- Em breve as nossas vozes
devem ser
uma, ou um de nós terá de partir.
Com altivez
aquela mulher como que nos encostava à parede (inexistente naquela rua por onde
passávamos naquele momento). – Vocês não
precisam de álcool, fumos, noites em branco, sexo… precisam antes de lucidez,
luz, Nomes, vida, amor.
Estou cansado de pensar.
- Quem te disse a ti o que precisamos ou não
precisamos?
– despachei eu apreensivo e também preocupado com a dúvida de Jim. Até àquela
noite nunca antes tínhamos sequer ficado um instante que fosse a reflectir
sobre como dar um sentido à vida. Que sentido? Só sabíamos que o que fazíamos,
aquilo que éramos, obedecia às regras que não tinham nunca sido criadas por
delas nunca sequer nos termos lembrado. A noite era o Sol da nossa vida. O sexo
o alimento que nos fazia sobreviver, suportar e aguentar pelo próximo Sol e os
Nomes a única droga que evitávamos sempre de forma espontânea, talvez porque
sabíamos desde sempre que o Sol nunca usa a mesma trajectória exacta dois dias
seguidos. Em tantos anos e tantas noites como aquela nunca nas outras tínhamos
perdido segundo e meio sequer a debruçarmo-nos sobre o modo de encarar a vida.

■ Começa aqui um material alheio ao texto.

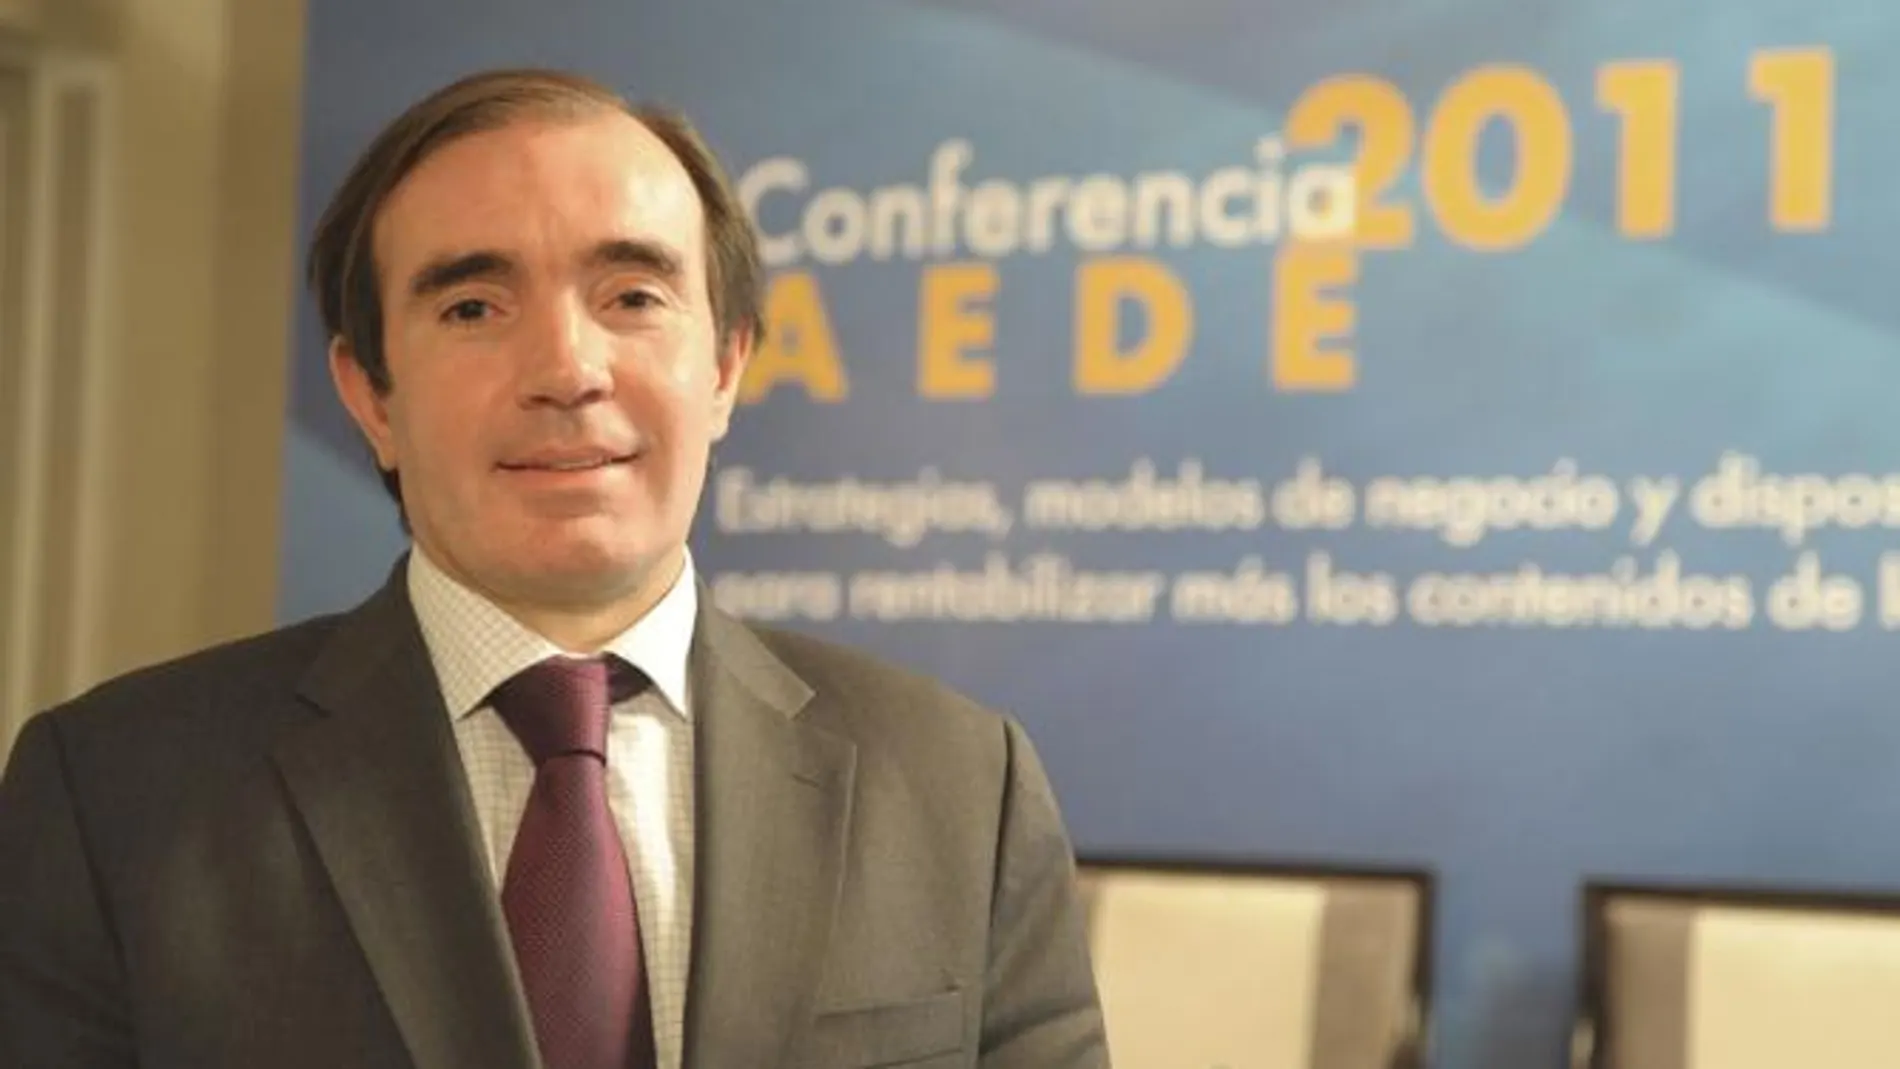 Conrado Carnal es el nuevo presidente de AEDE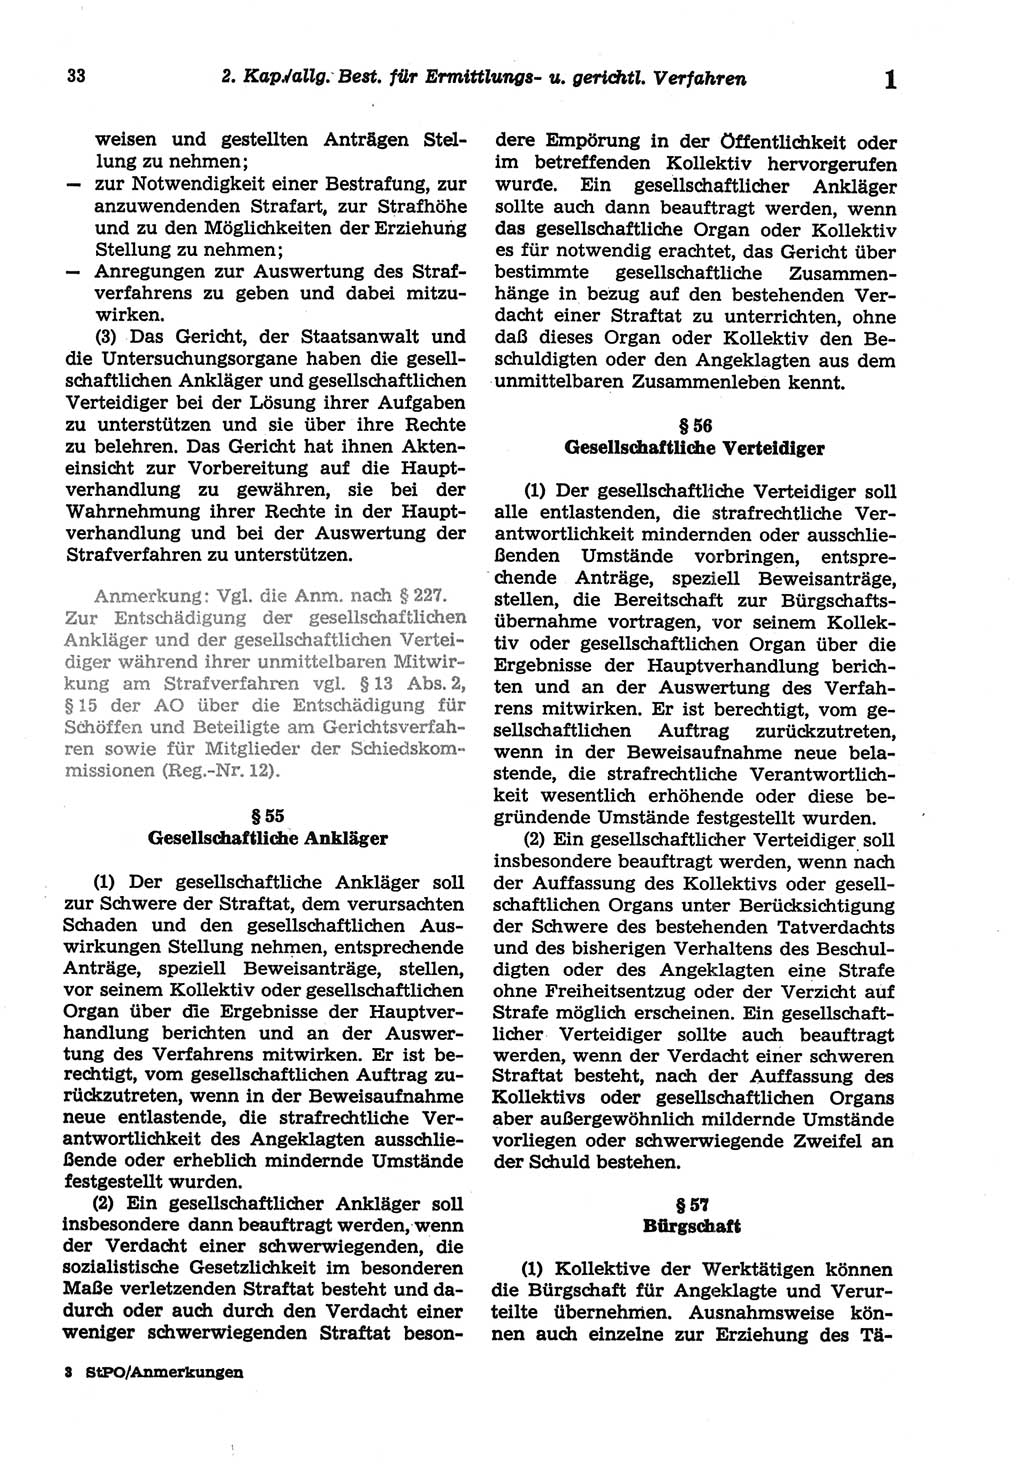 Strafprozeßordnung (StPO) der Deutschen Demokratischen Republik (DDR) sowie angrenzende Gesetze und Bestimmungen 1977, Seite 33 (StPO DDR Ges. Best. 1977, S. 33)

Muito menos imaginaríamos que pudesse ser aquela mulher, fruto do acaso como
tantas outras que já tinham passado por nós nas mesmas circunstâncias, que nos
iria alertar para essa situação. Jim e eu não temos idade. Nunca tivemos, nunca
teremos. Conhecemo-nos sem nos lembrarmos sequer desde quando e ficaremos
juntos até quando for. Eu sou Ele, Ele é Jim, os dois somos um e cada um de nós
tem a sua atitude, o seu modo de encarar as situações, contudo quase nunca
diferentes na forma de as olhar e abordar. Somos irmãos de sangue, gémeos
verdadeiros filhos de pais diferentes. Ele é ruivo, eu sou moreno, Ele é alto,
eu sou baixo. Ele é Jim, eu sou eu. Mas somos iguais.
E vim ter contigo
à procura de paz
E vim ter contigo
à procura de ouro
E vim ter contigo
à procura de mentiras
E deste-me febre
& sabedoria
& gritos
& dor
& estaremos aqui
no dia seguinte
no dia seguinte
&
Amanhã
sei bem o
que nos esperava. O mesmo de todos os dias. Ou de todas as noites, digamos
assim. Só aquela mulher não tinha entendido. Mas como poderia? Não nos conhece
de lado nenhum. Não sabe quem é Jim. Nunca me viu antes. Quem pensa ela que é? Para onde nos quer levar? Continuo apreensivo
naquele momento, mas curiosamente Jim não e isso ainda me deixa pior. Até ali
eu era aquele que mais rapidamente se deixava arrastar. Jim sempre fora o mais
firme. Sempre fora Ele que guiara e não o contrário. Quanto muito deixava-me
pegar no volante quando se sentia dominado por alguma das fraquezas naturais
que apoquentam o ser humano depois de muitos excessos e longas horas desafiando
a ordem natural das coisas. Não mais que isso. Daí aquele estranho momento que
se confunde com o sentimento. Tudo o que eu digo está certo. Tudo o que eu
penso é adequado. É como se Ele pela primeira vez não estivesse ali
verdadeiramente presente. E Jim não é tipo para adormecer primeiro que eu. Poderia estar enfeitiçado? Talvez aquela
mulher lhe tivesse rogado alguma praga ou lhe tenha dado alguma coisa para ingerir
que eu não reparei. Ou, quem sabe, Jim esteja simplesmente a fraquejar. Nem dei
conta do quanto andei até ao momento em que ela me desperta dos meus
pensamentos – é aqui que vivo. –
Olhei em volta e vi que Jim ainda estava extasiado com o que observava. – Esta é a rua do amor.